Black Box

[megabreit]

Looking to the disassembly it was time to polish my old C knowledge a bit.

Code: Select all

# include <stdio.h>
# include <values.h>

int main (int argc, char** argv)
{
        signed int i;
        for (i=MININT; i<MAXINT; i++)
        {
        register arg=i;
        register arg1=arg;
        arg=arg>>0x1f;
        arg=~arg;
        arg=arg&arg1;
        arg-=0x6fe5d5;
        arg=arg^0x2eb22189;
        arg=arg*0x1534162;
        arg=arg^0x69f6bc7;
        if (arg==230392619) {printf("%i\n",i);}
        }
}

This one is exactly the same as the source because it generates to same assembler code (the type "register" is important!)
I thought of coding it in some scripting language, but was not sure how to code the arithmetic with 32 bit signed integers.
The result: a rocket fast program (takes a few seconds to complete) and some C back into my brain
Anybody did it in a scripting language?

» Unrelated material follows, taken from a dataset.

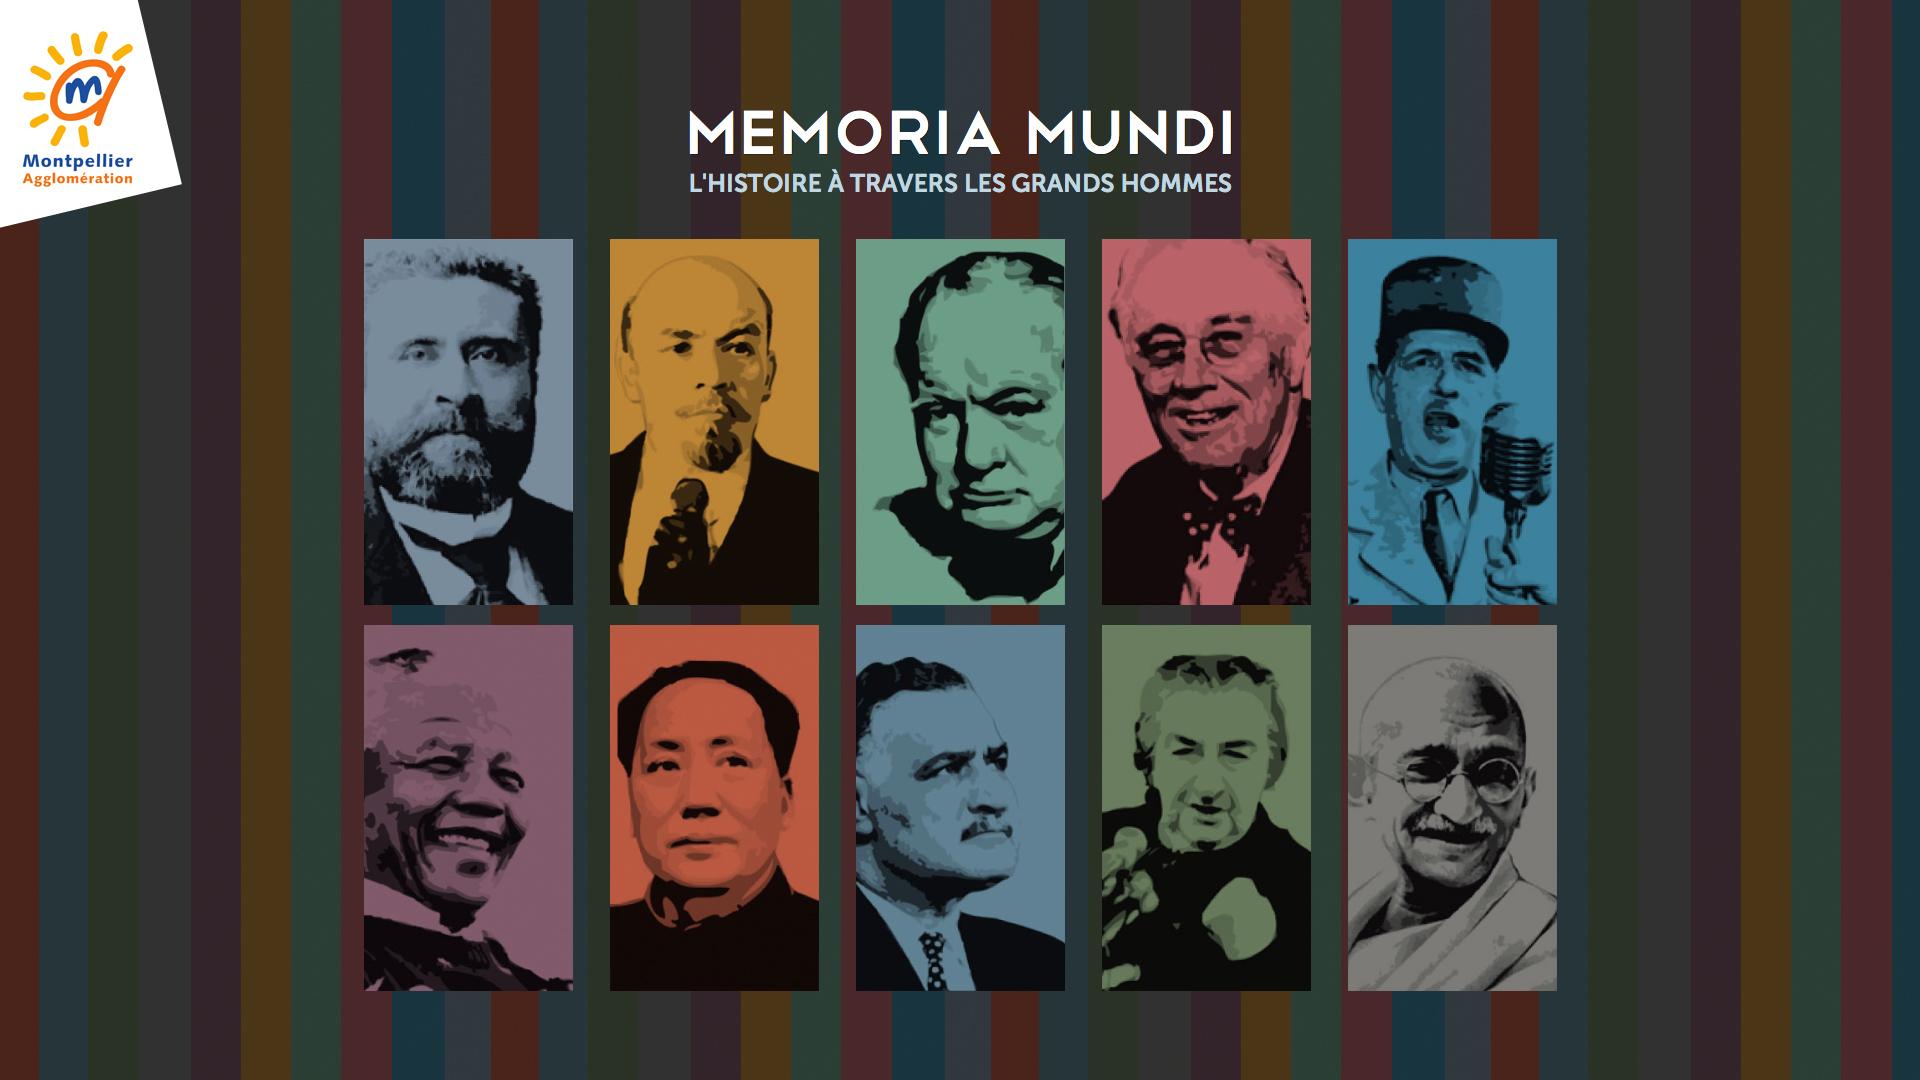 memoria-mundi-creation-site-internet-communication-caconcept-alexis-cretin-graphiste
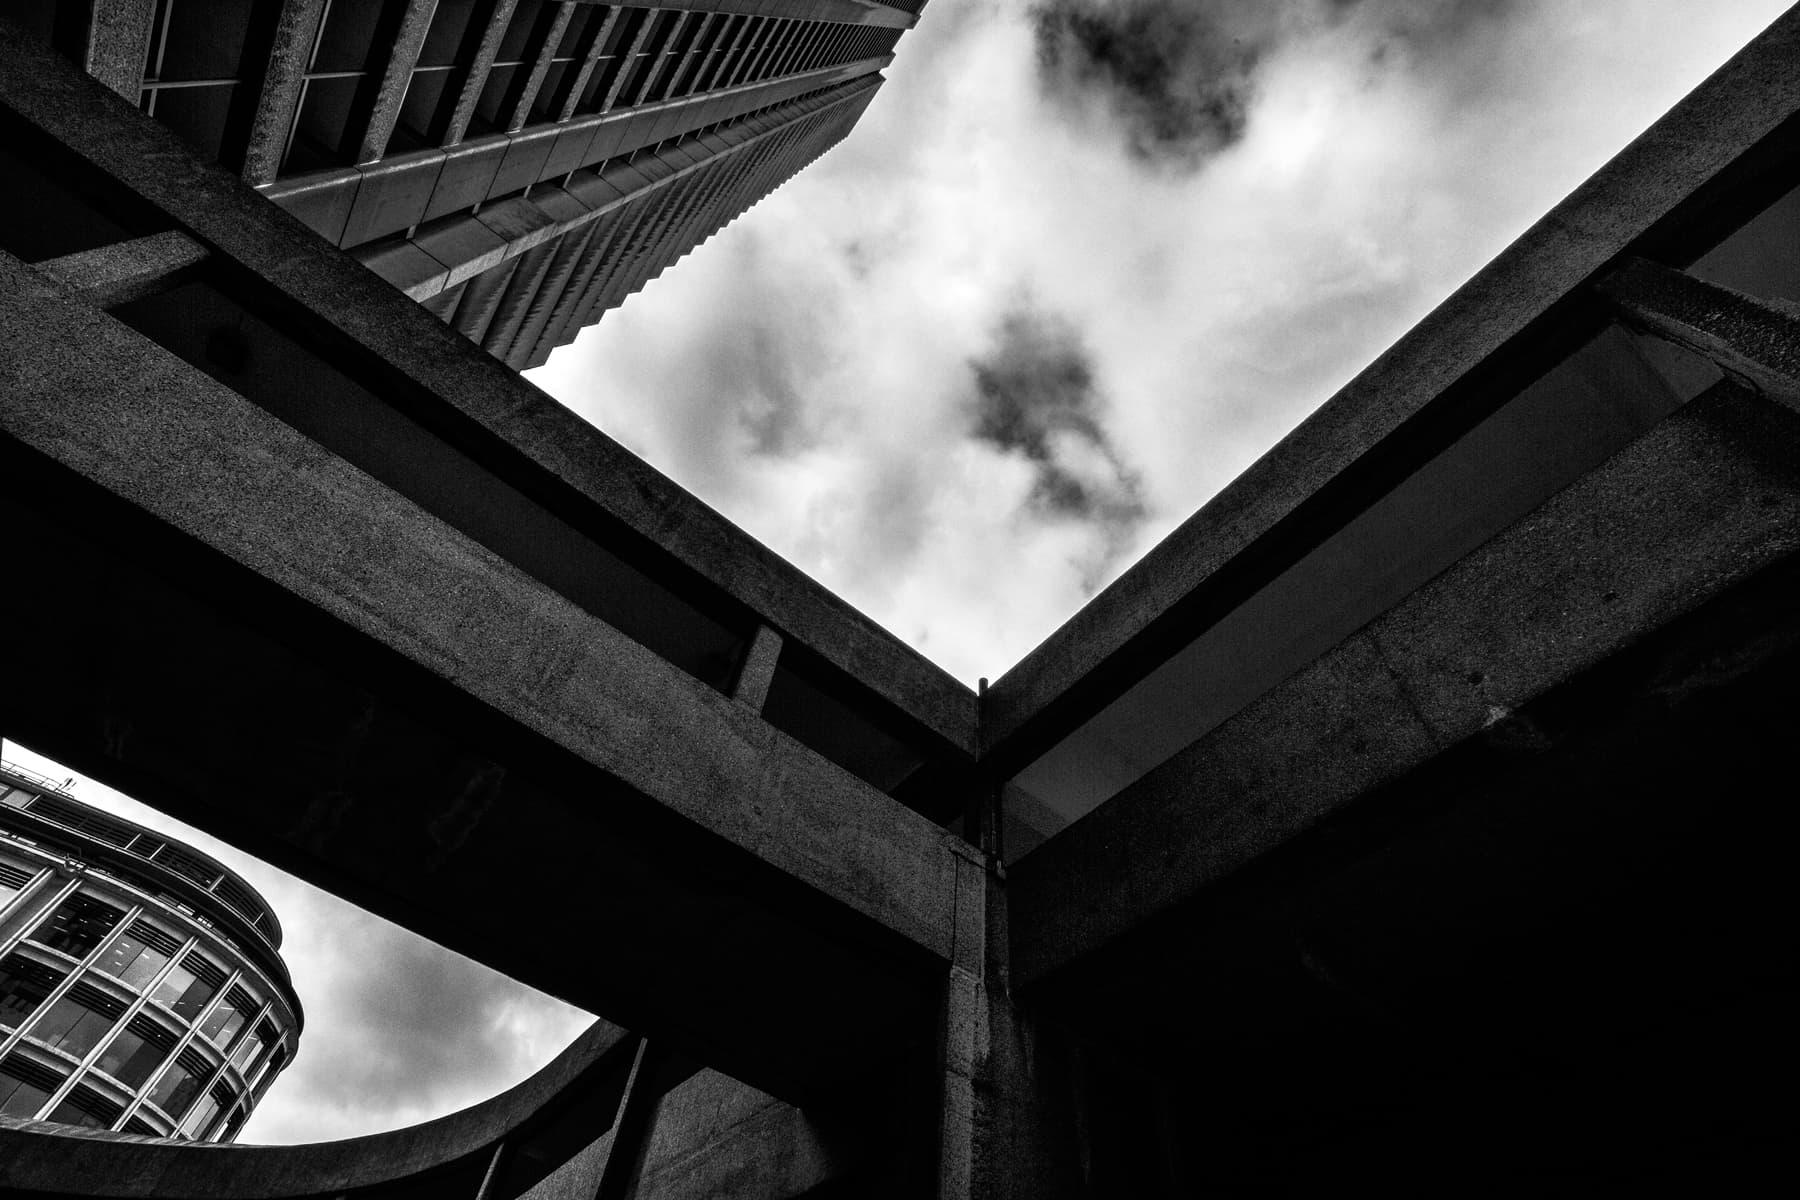 fabio_burrelli_street_photography_architecture_london_CP5B2154.jpg

How?

[gfoot]

I used Python, explicitly rounding modulo 2**32 in places. Rather than brute-forcing, having rewritten the steps, I worked back from the answer deciding which inputs at each step gave the right intermediate result. It wasn't too hard, though there were often several possible intermediates; however it always turned out that one was impossible due to an earlier step.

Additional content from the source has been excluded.